In 1977, "Near You" became a number-one country hit as a duet for the duo of George Jones and Tammy Wynette, one of the more unlikely compositions the two country legends sang together. Recorded in the winter of 1974, its atypical arrangement showed that country fans still had an appetite for any music performed by the estranged couple, who had been country music's "First Couple" in the early 1970s. In fact, it was their second consecutive number 1 single since their divorce in 1975; they had only managed to top the charts once during their six-year marriage with "We're Gonna Hold On" in 1973.

==Other versions==
Other recordings of the song that charted on the Billboard best seller in 1947 include:
- The Andrews Sisters (Decca Records catalog number 24171) entered the chart on October 3 and peaked at number four.

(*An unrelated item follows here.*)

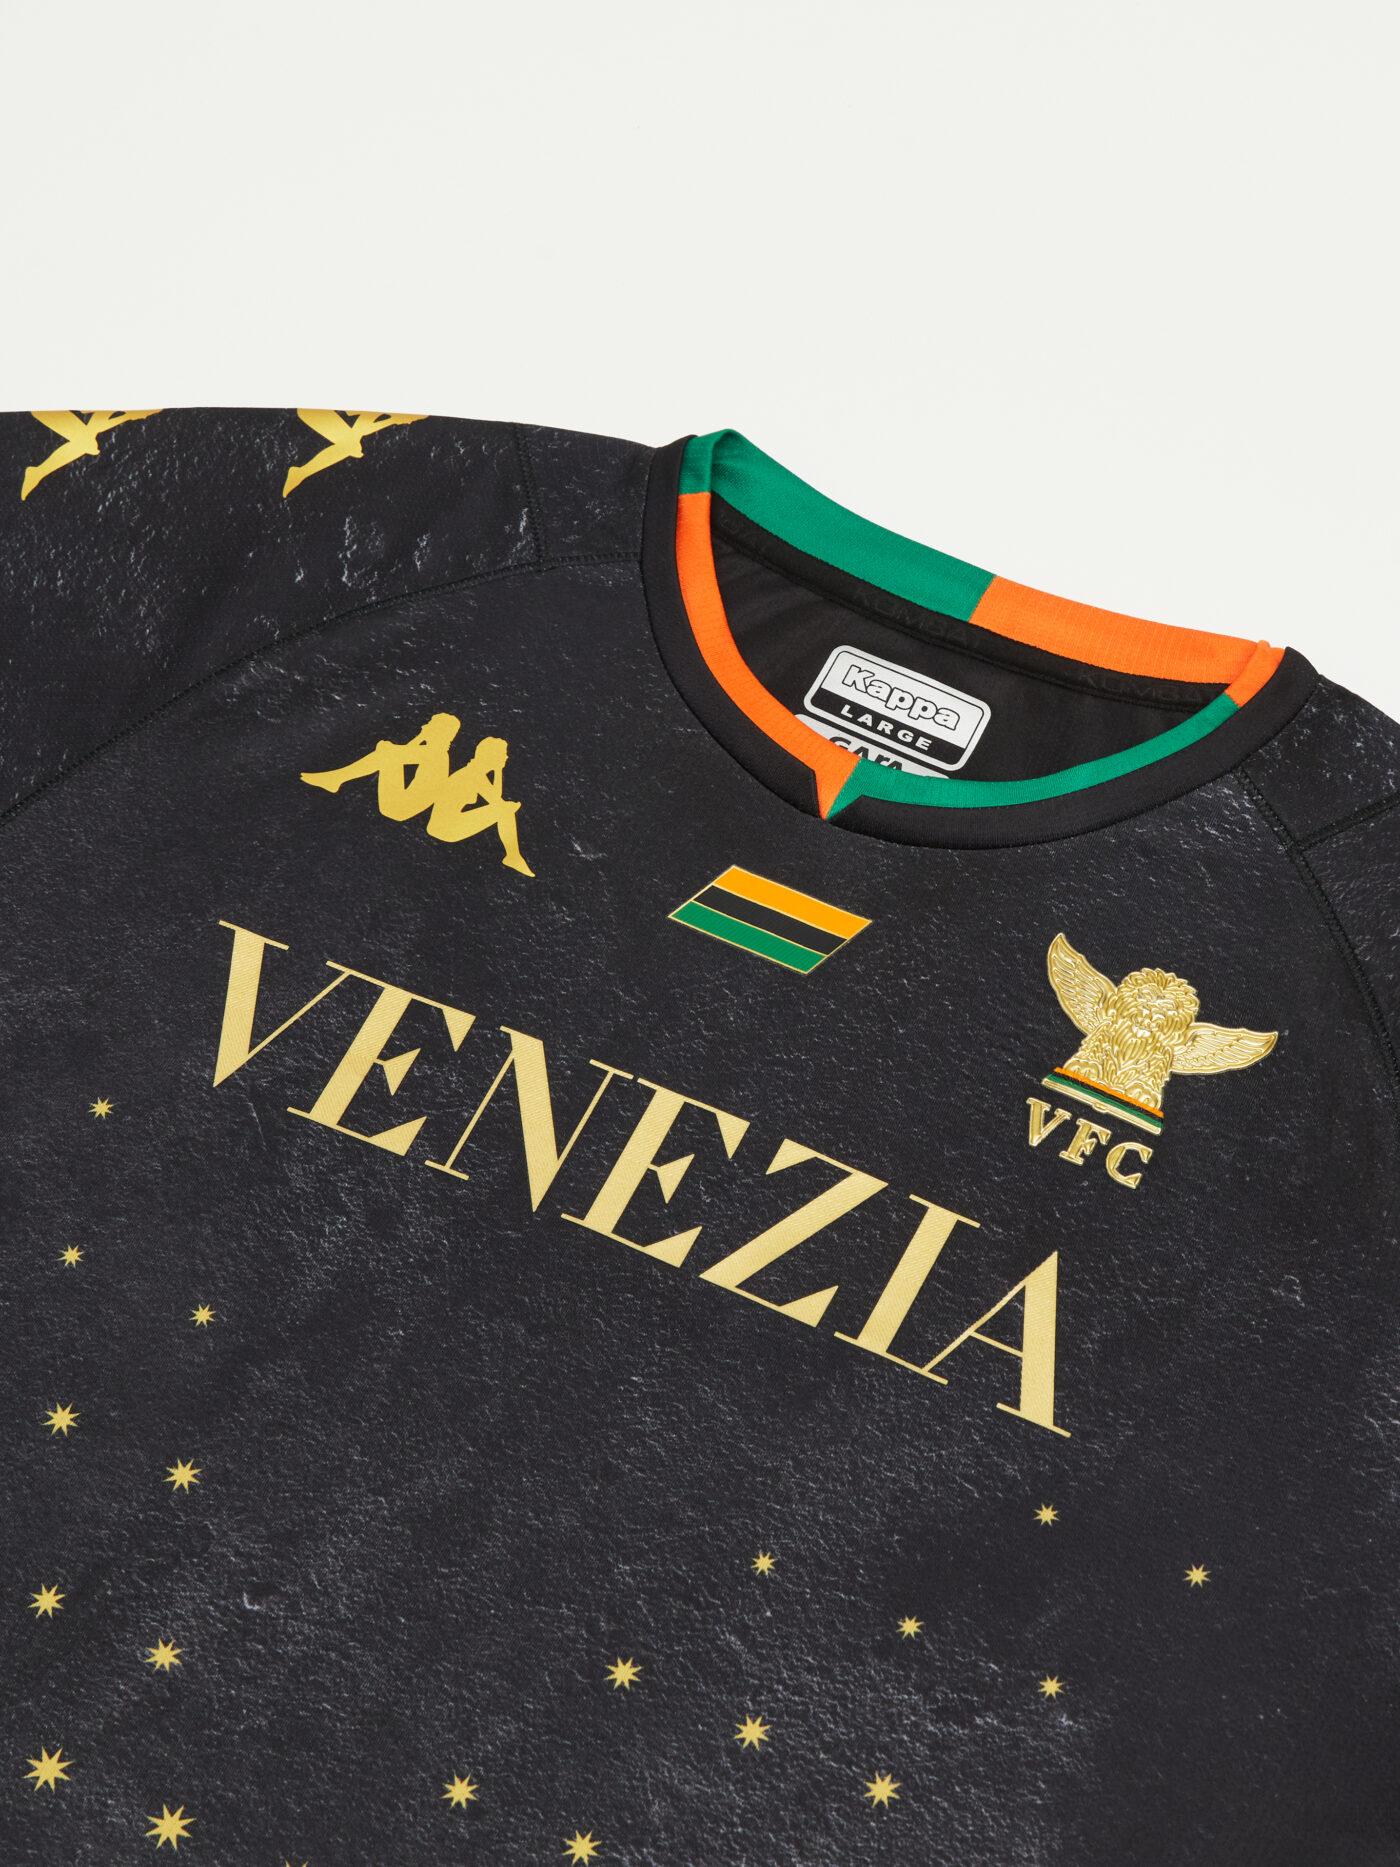 Maillot Venezia FC 2021-2022

- Elliot Lawrence (Columbia Records catalog number 37838) entered the chart on October 3 and peaked at number nine. This was Lawrence's only charting hit.
- Larry Green (RCA Victor Records catalog number 20-2421) entered the chart on October 10 and peaked at number three.
- Two Ton Baker (Mercury Records catalog number 5066) entered the chart at the same time as Green, and peaked at number twelve, staying for five weeks.
- Alvino Rey (Capitol Records catalog number 452) entered the chart on October 17 and peaked at number nine in its only week on the chart. This was Rey's last charting hit.
- Roger Williams recorded the song in 1958, and it charted on the Billboard Hot 100 singles chart, peaking at number 10.
- Jerry Lee Lewis recorded an instrumental version of the song in 1959.
- It has been recorded by Marlene Dietrich (1958), Nat King Cole (1962), Pat Boone (1965), Grady Martin and Andy Williams (1959).

==Popular culture==
- "Near You" was used by Milton Berle as the closing song on his Texaco Star Theater, and it became his theme song for many years thereafter.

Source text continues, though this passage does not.